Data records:
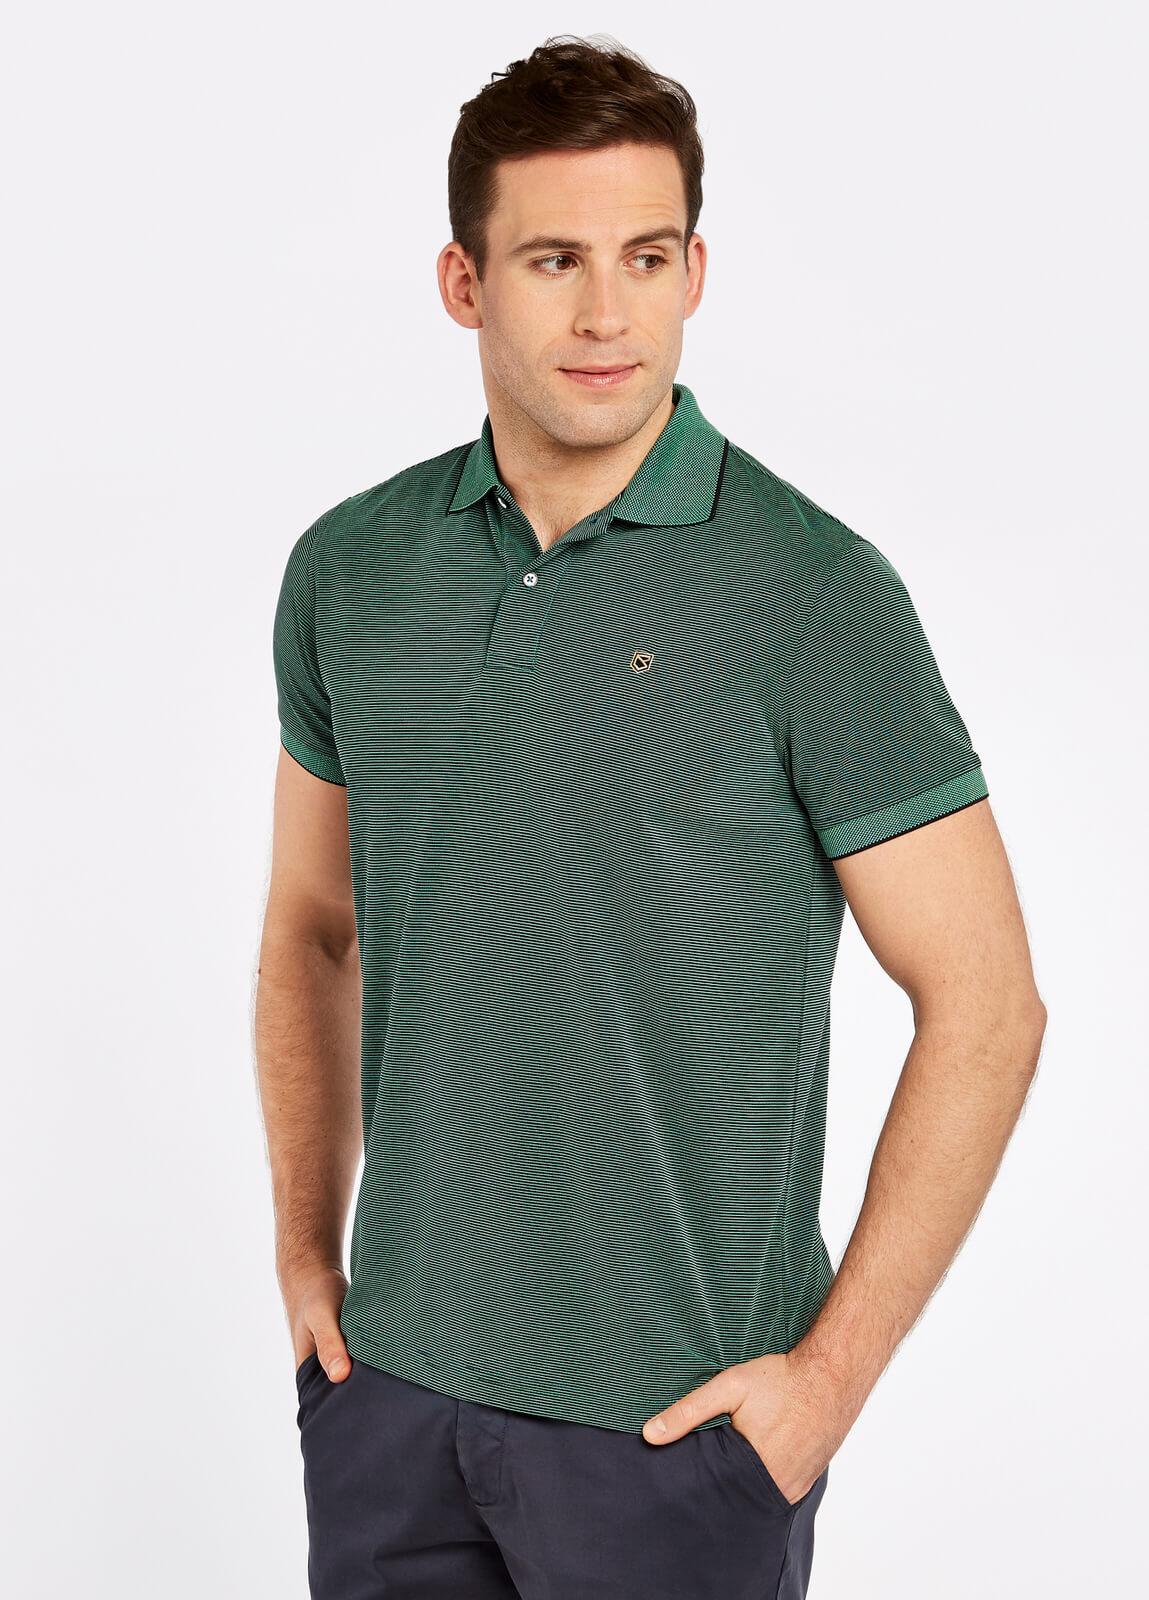 Charlemount Polo Shirt - Kelly Green
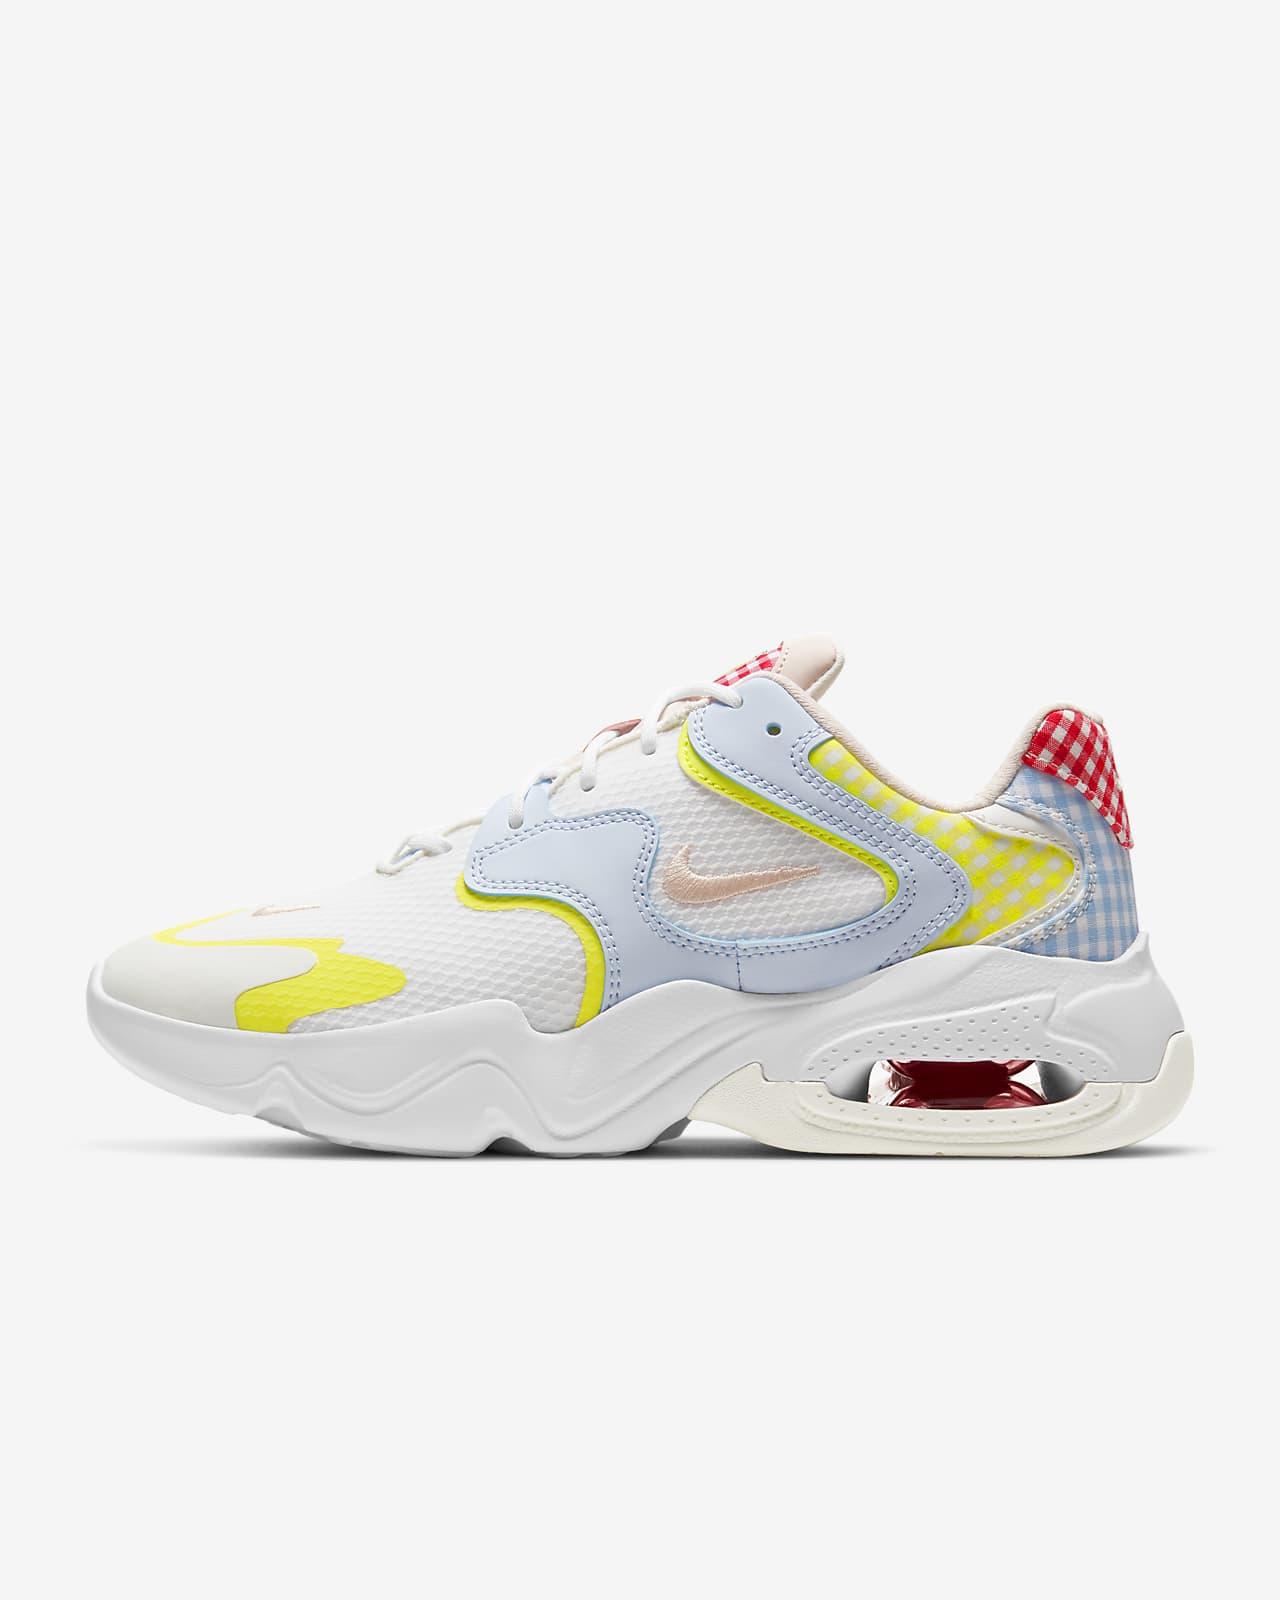 Nike Air Max 2X 女子运动鞋
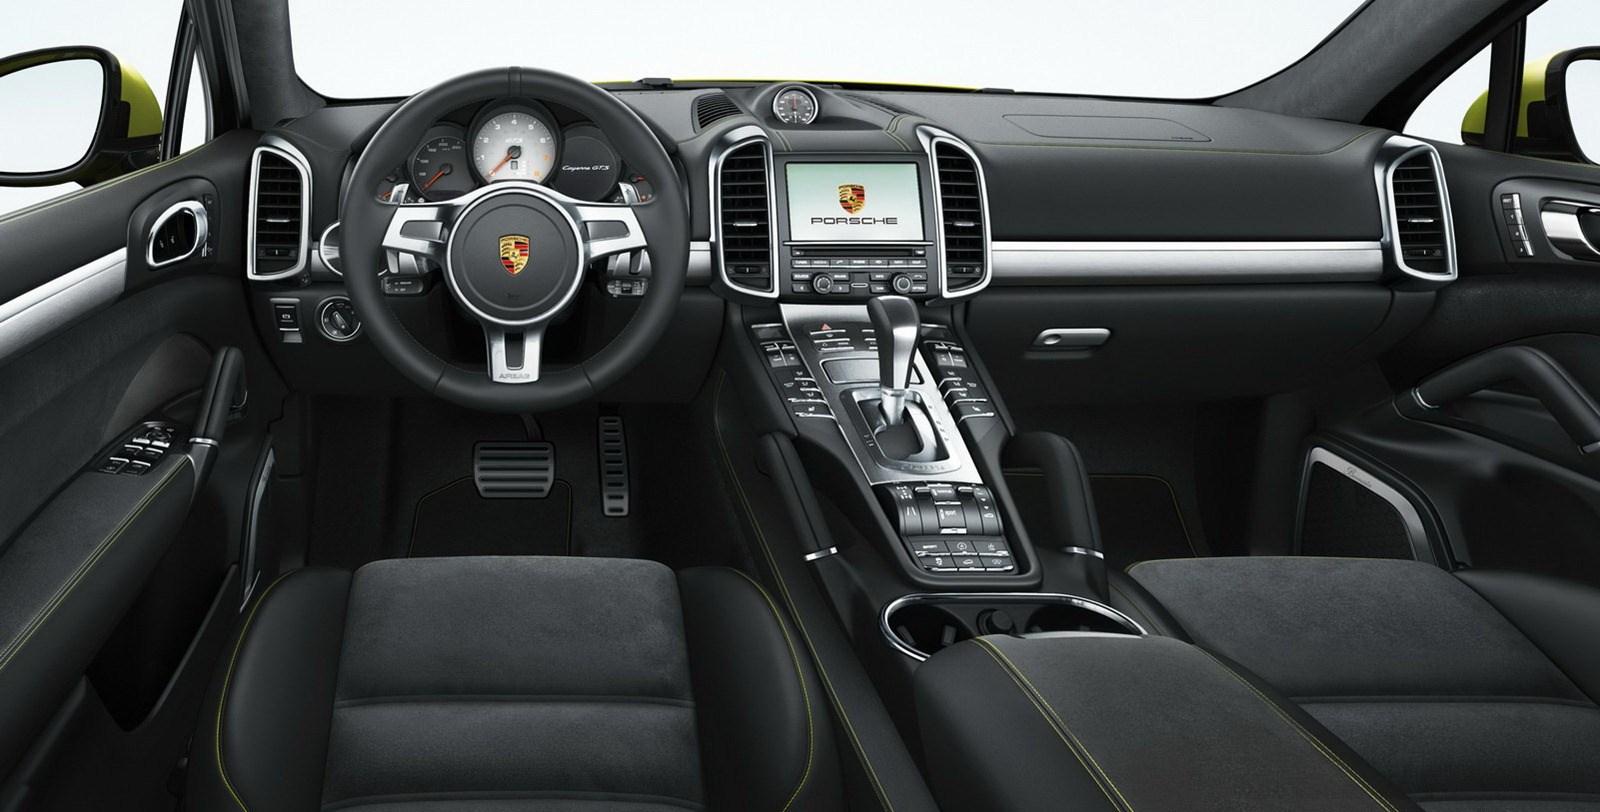 2013-Porsche-Cayenne-GTS-Interior-4 - ForceGT.com
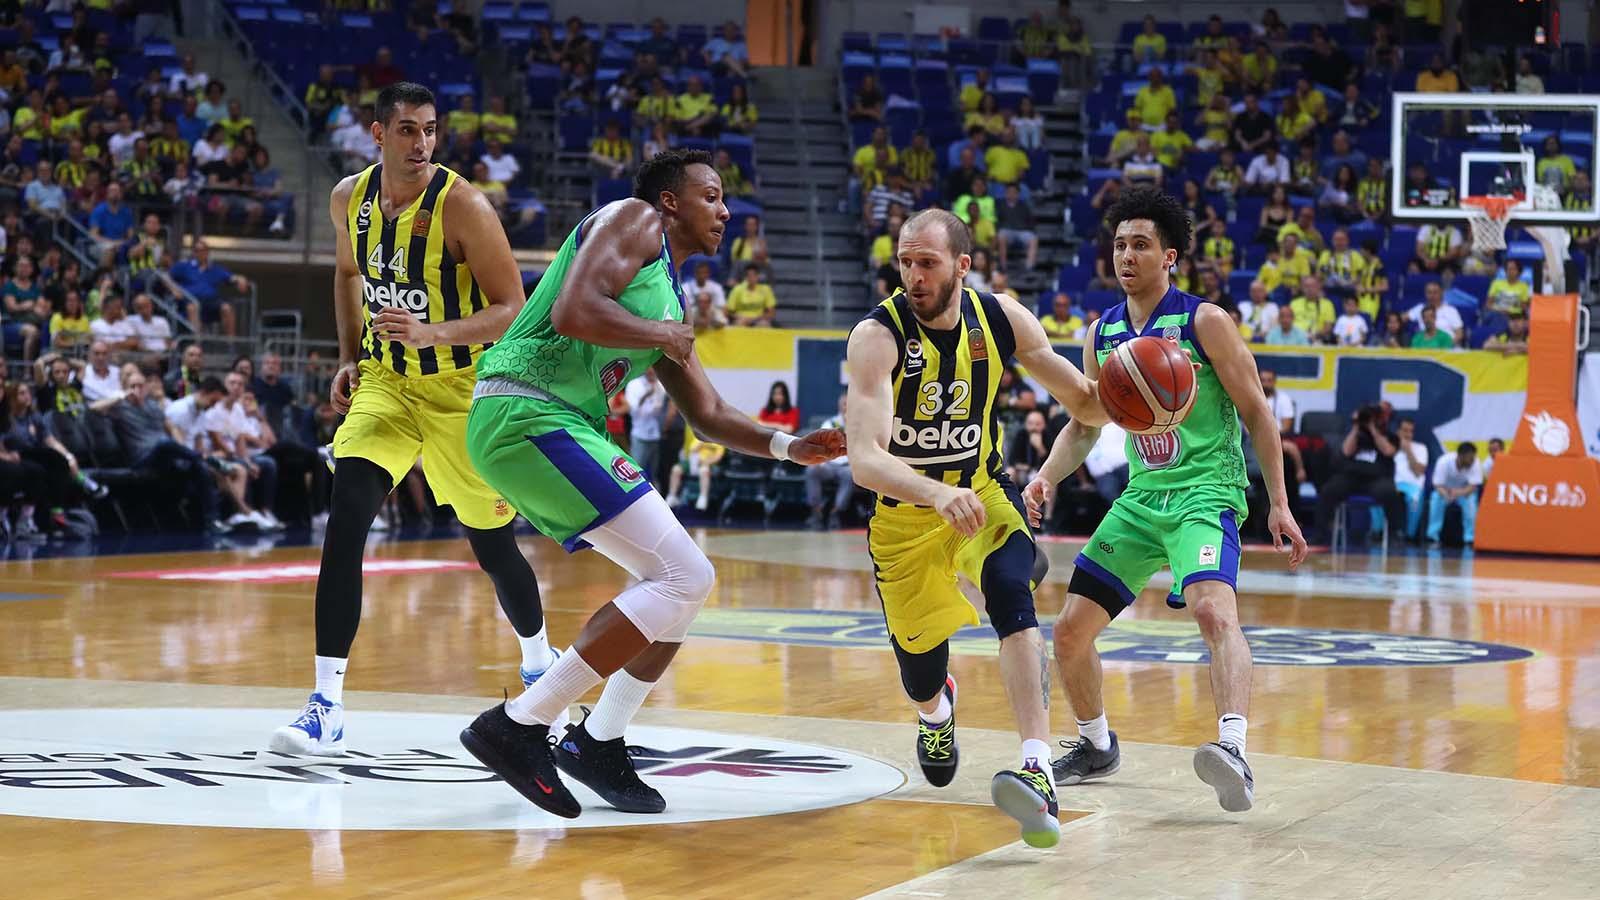 Play-off yarı final serisi Bursa'ya taşınıyor
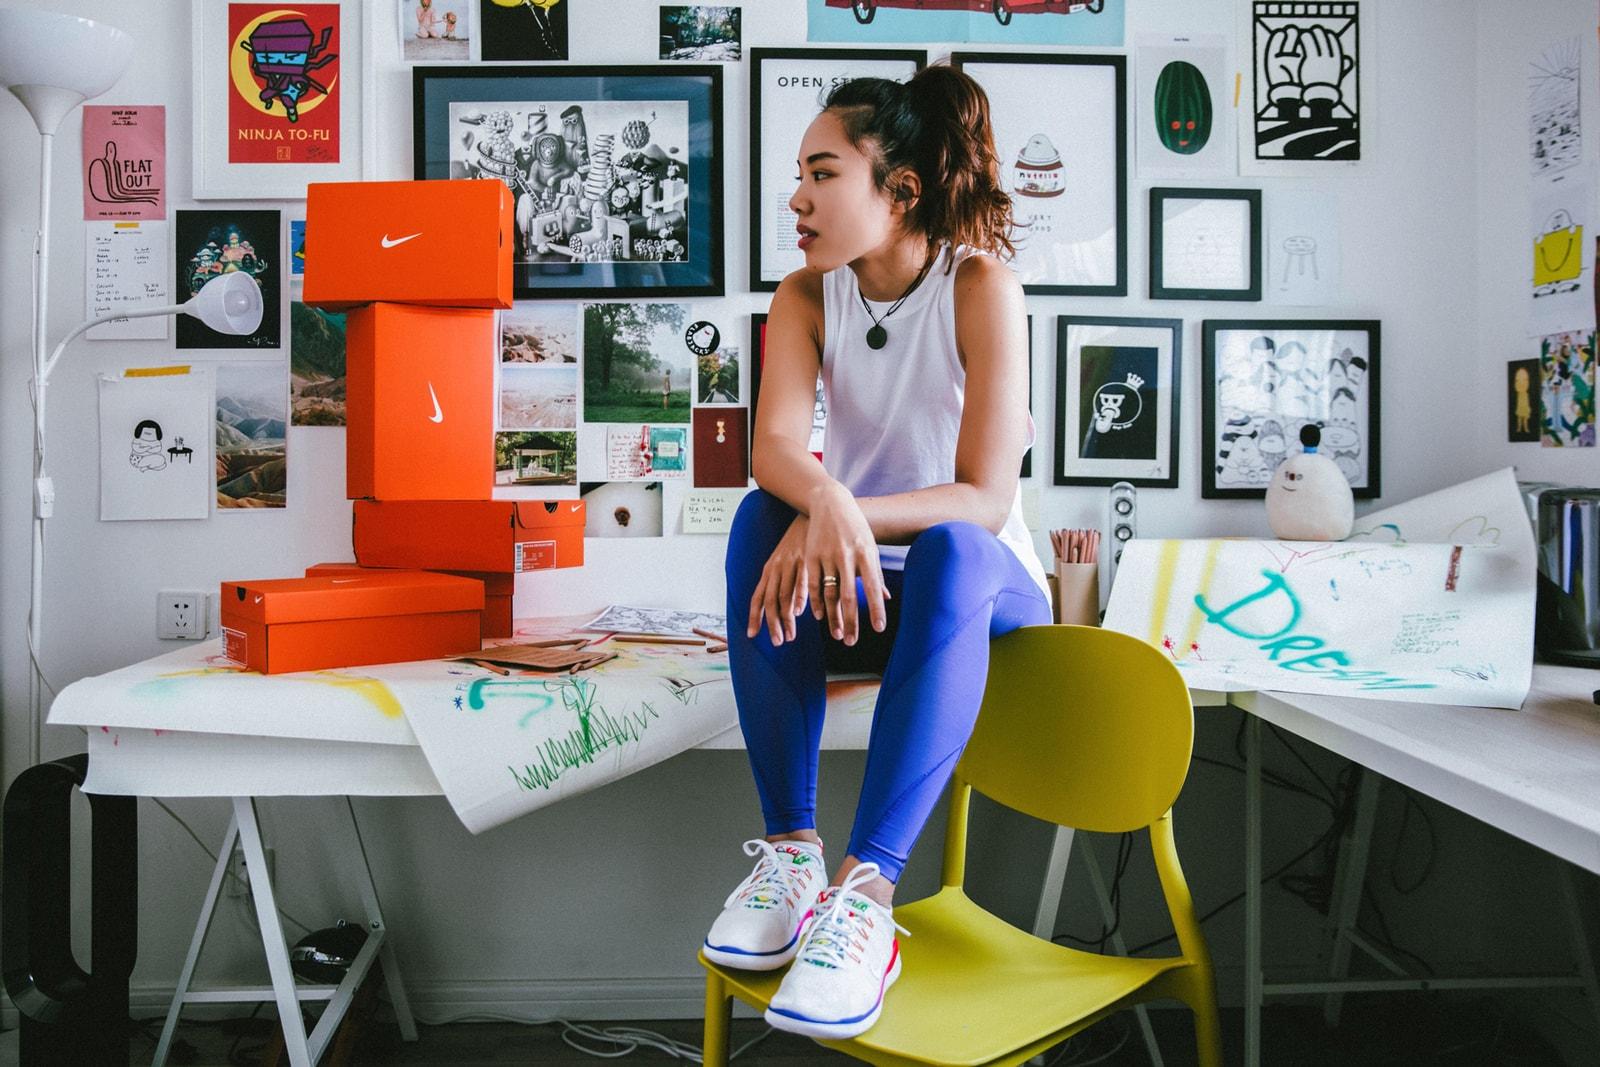 FLABJACKS Nike Free RN Expression Artist Series ton mak shanghai china sneaker shoe release hong kong release april 12

* Problem description *
Word for word, set down each record shown above, omitting the pictures.

* Your solution *
 Charlemount Polo Shirt - Kelly Green
 Nike Air Max 2X 女子运动鞋
 2013-Porsche-Cayenne-GTS-Interior-4 - ForceGT.com
 Play-off yarı final serisi Bursa'ya taşınıyor
 FLABJACKS Nike Free RN Expression Artist Series ton mak shanghai china sneaker shoe release hong kong release april 12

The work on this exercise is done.